Malam ini, ada pesan masuk dari bapak di desa nun jauh, 10 jam perjalanan dengan kereta karena memang kuliahku di tetangga propinsi, tepatnya di Surabaya.

Dalam pesannya, bapak memberi kabar bahwa ibu pergi ke rumah kakek. Ibu pergi dengan menangis dan bersumpah akan membawa bapak ke pengadilan agama. Bapak ingin agar aku tidak usah pulang. Tapi, dalam hatiku berkecamuk antara pulang, melanggar perintah bapak dan tidak pulang, membiarkan semua terjadi di rumah begitu saja.

Aku tak habis pikir, pernikahan yang hanya selisih setahun denganku bisa semudah itu tertiup badai dan besar kemungkinan akan hilang. Hilang entah pada suatu apa kandas dan memilih jalan cerita masing-masing. Sedangkan, aku? Aku harus bagaimana?

Aku memilih menyendiri, diam, dan benar apa yang dikata Leman, aku berbeda dengan hari-hari sebelumnya. Aku masih termenung dan dalam keadaan titik puncak harus bagaimana yang aku tidak tahu itu. Diam membuka buku tapi pikiranku sama sekali tidak berada pada apa yang aku baca hingga larut, larut dalam malam dan aku terlelap dalam sedih yang aku tahan supaya tidak mencair dengan tangis. Leman memilih keluar entah kemana semenjak aku membentaknya dan aku bilang aku ingin sendiri
***

Siang itu, kesedihanku benar-benar memuncak. Sudah tak tertahan rasanya. Apalagi, ditambah banyak tanda-tanya yang Leman lemparkan padaku. Aku tahu Leman bertanya karena ia berusaha membantuku dan berusaha menarikku dalam kubangan sedih sendiri.

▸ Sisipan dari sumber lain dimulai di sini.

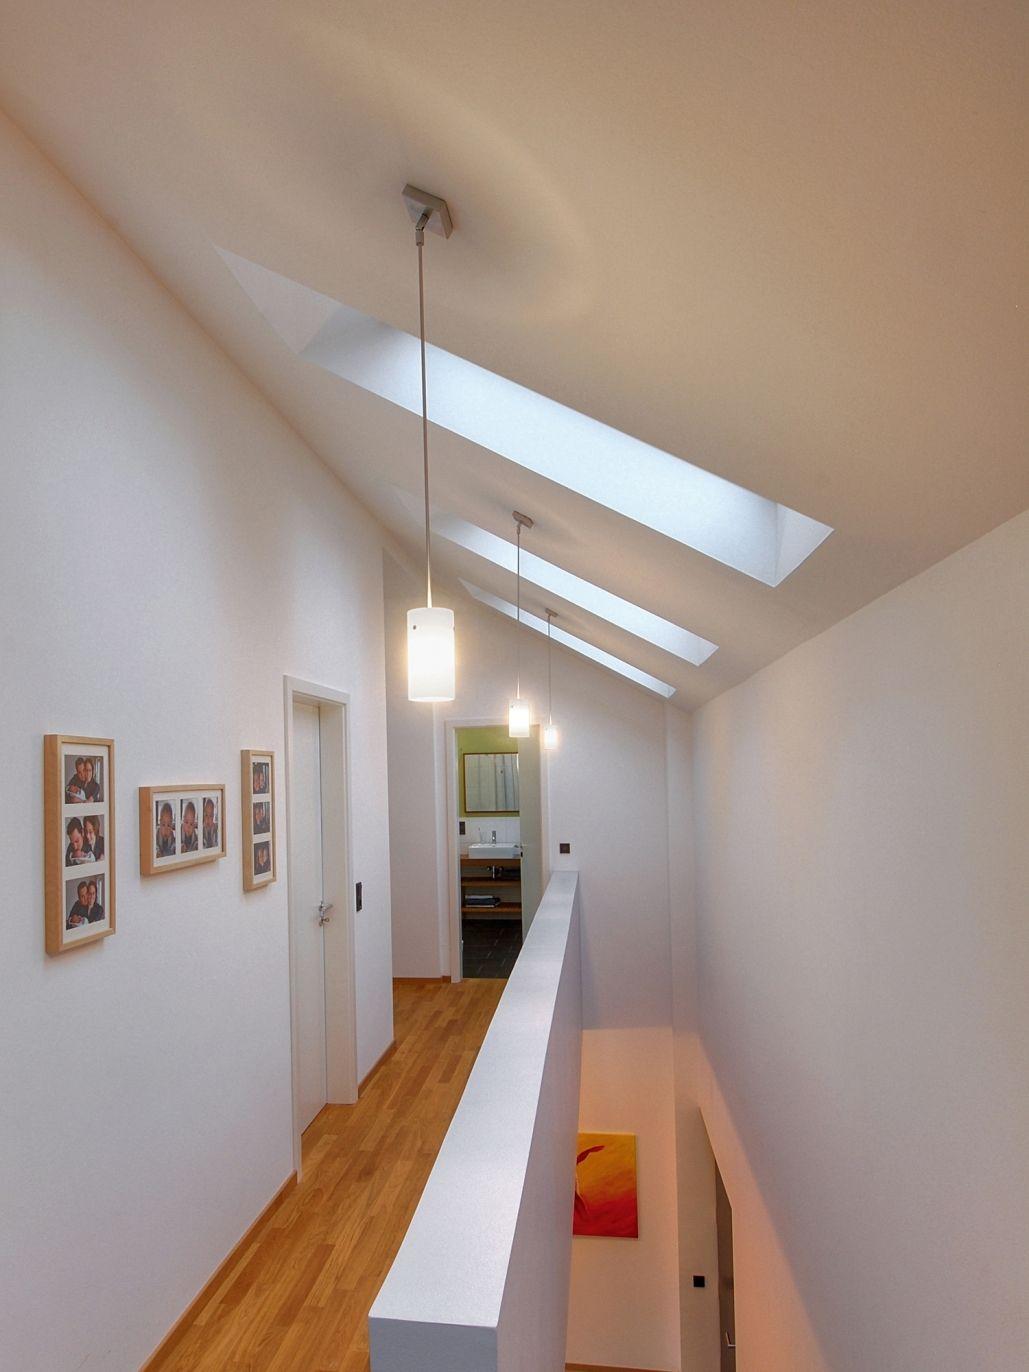 Dachschrage Lampe Beleuchtung Dachschrage Dachschrage Lampen Treppenhaus

Aku tak kuasa lagi menahan untuk tidak bercerita. Aku ceritakan semua pada Leman. Ia tercengang, diam, dan juga tak tahu harus memberi saran apa pada temannya ini.
 
“Bud, jangan kau kira hanya kau yang sedih dan kau sendiri yang punya masalah seperti itu!”, ia membentak keras dan ucapannya menarikku pada perhatian.
“Kamu tahu keluargaku? Keluargaku sudah hancur semenjak aku SD! Ayahku menikah lagi dan aku tidak tahu kemana ia pergi. Ummiku pergi jauh dengan suami barunya. Kamu kira aku tidak jauh lebih sedih darimu?!! Aku dibesarkan oleh keluarga pamanku yang tidak memiliki putra sampai detik ini.”, sentaknya lagi dengan air mata menggenang dan semenjak itu aku baru tahu. 

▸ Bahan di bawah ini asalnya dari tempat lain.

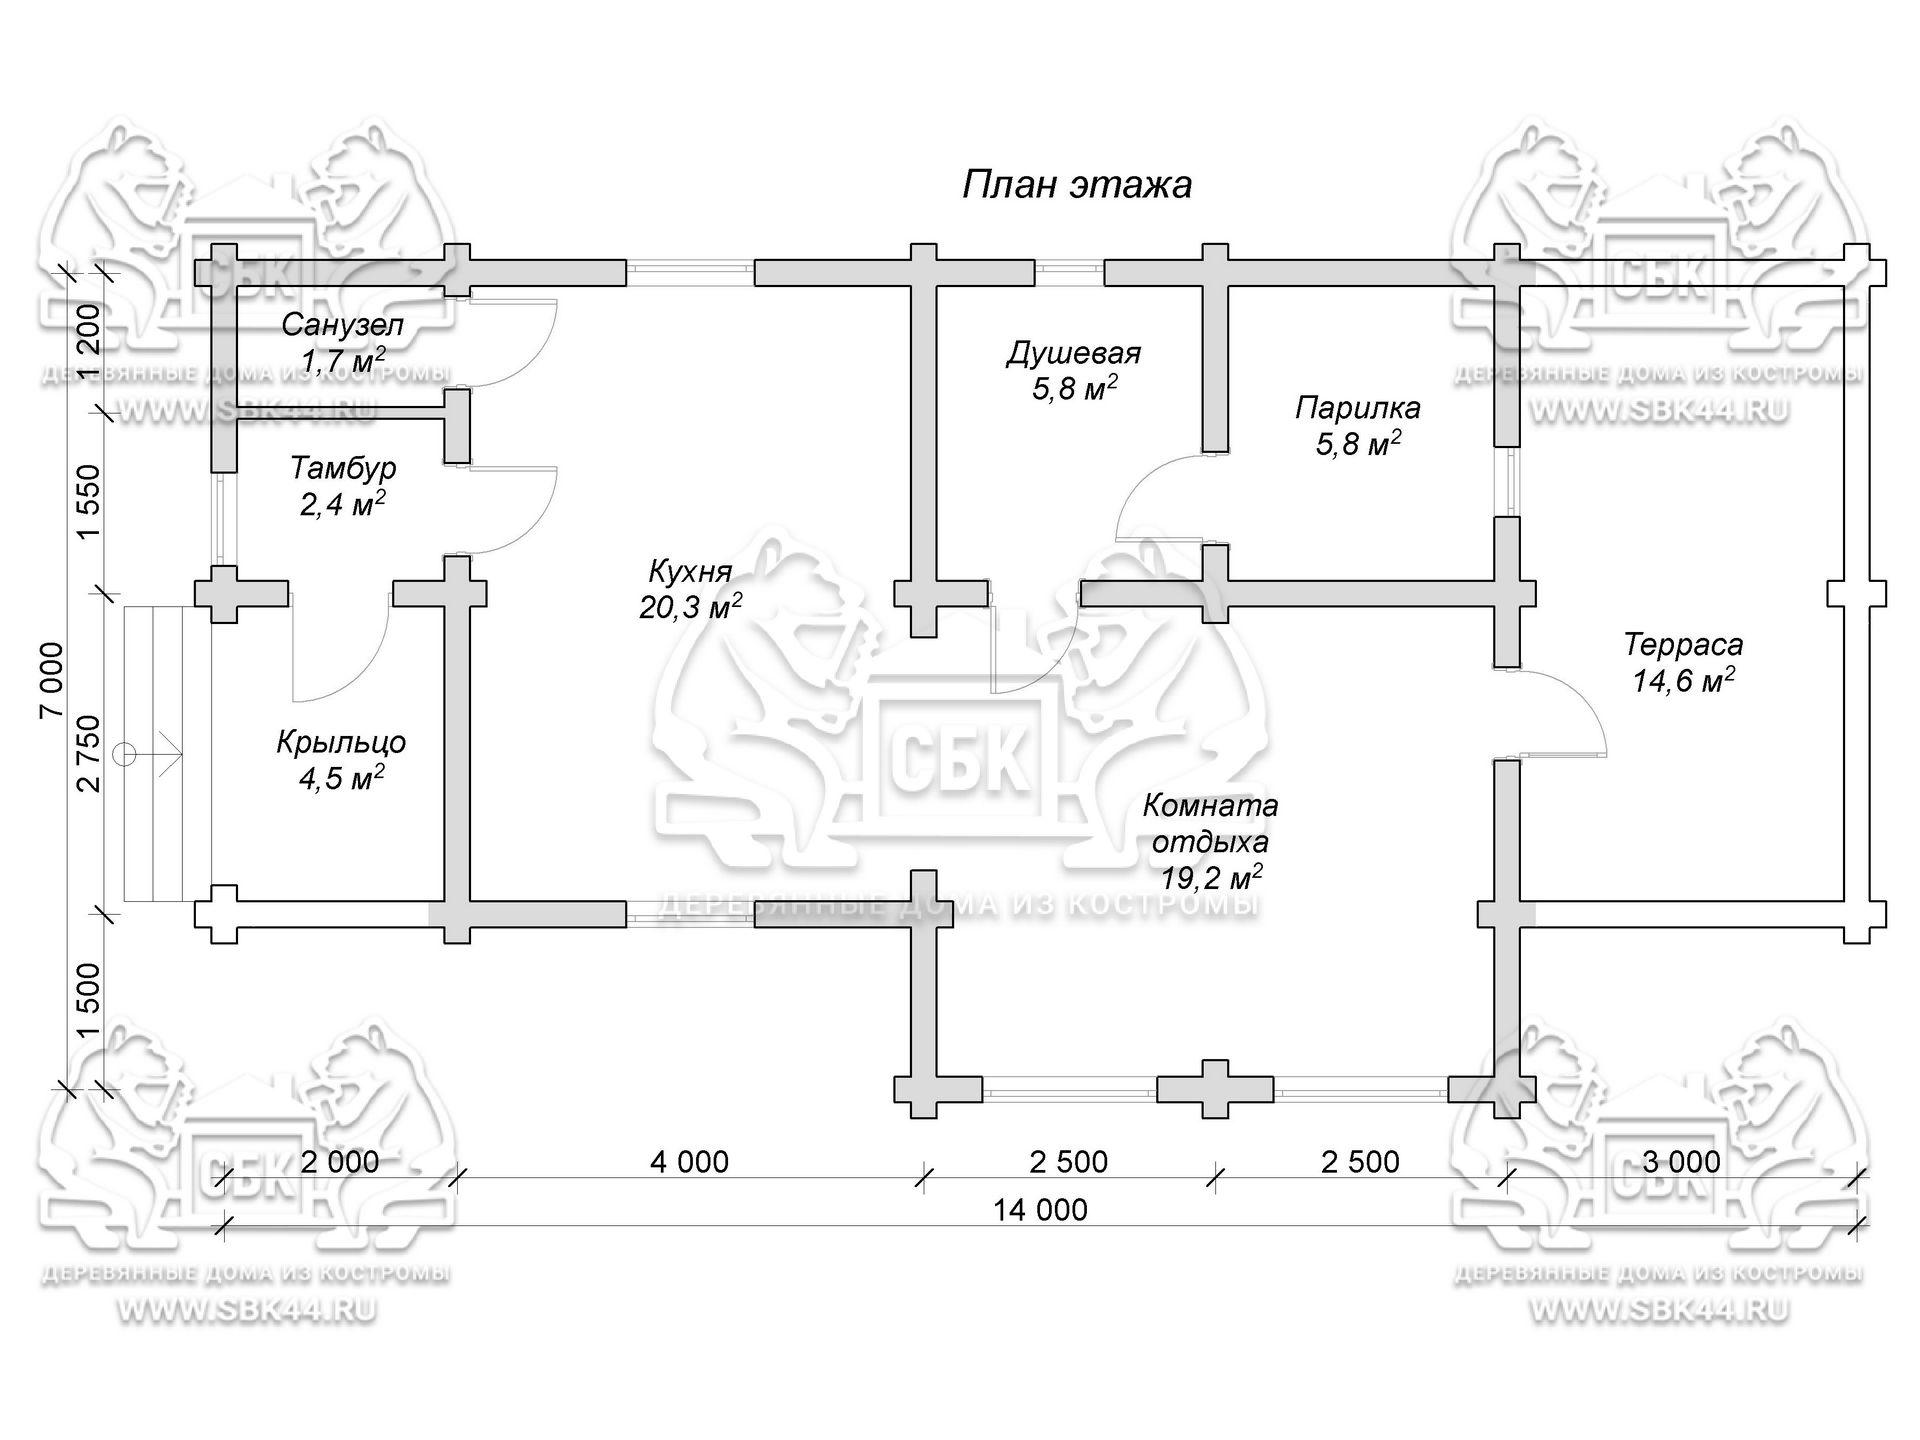 Проект бани из оцилиндрованного бревна 14 на 7 м «Муром» план 1

Aku belum membuka mata lebar seperti apa yang dipesan ibuku dan aku bersalah pada bapak jika aku terhenti lantas pulang dalam kecewa tanpa prestasi. Aku juga sadar, aku terlalu mendangak ke atas dan jarang melihat ke bawah.[]

Kairo, 6 Pebruari 2013
Mu’hid Rahman
Hari dimana aku lebih memilih menulis daripada menghadiri kunjungan klise presiden  pada ‘calon asrama’ yang sedari dulu tidak pernah lepas dari label ‘calon’..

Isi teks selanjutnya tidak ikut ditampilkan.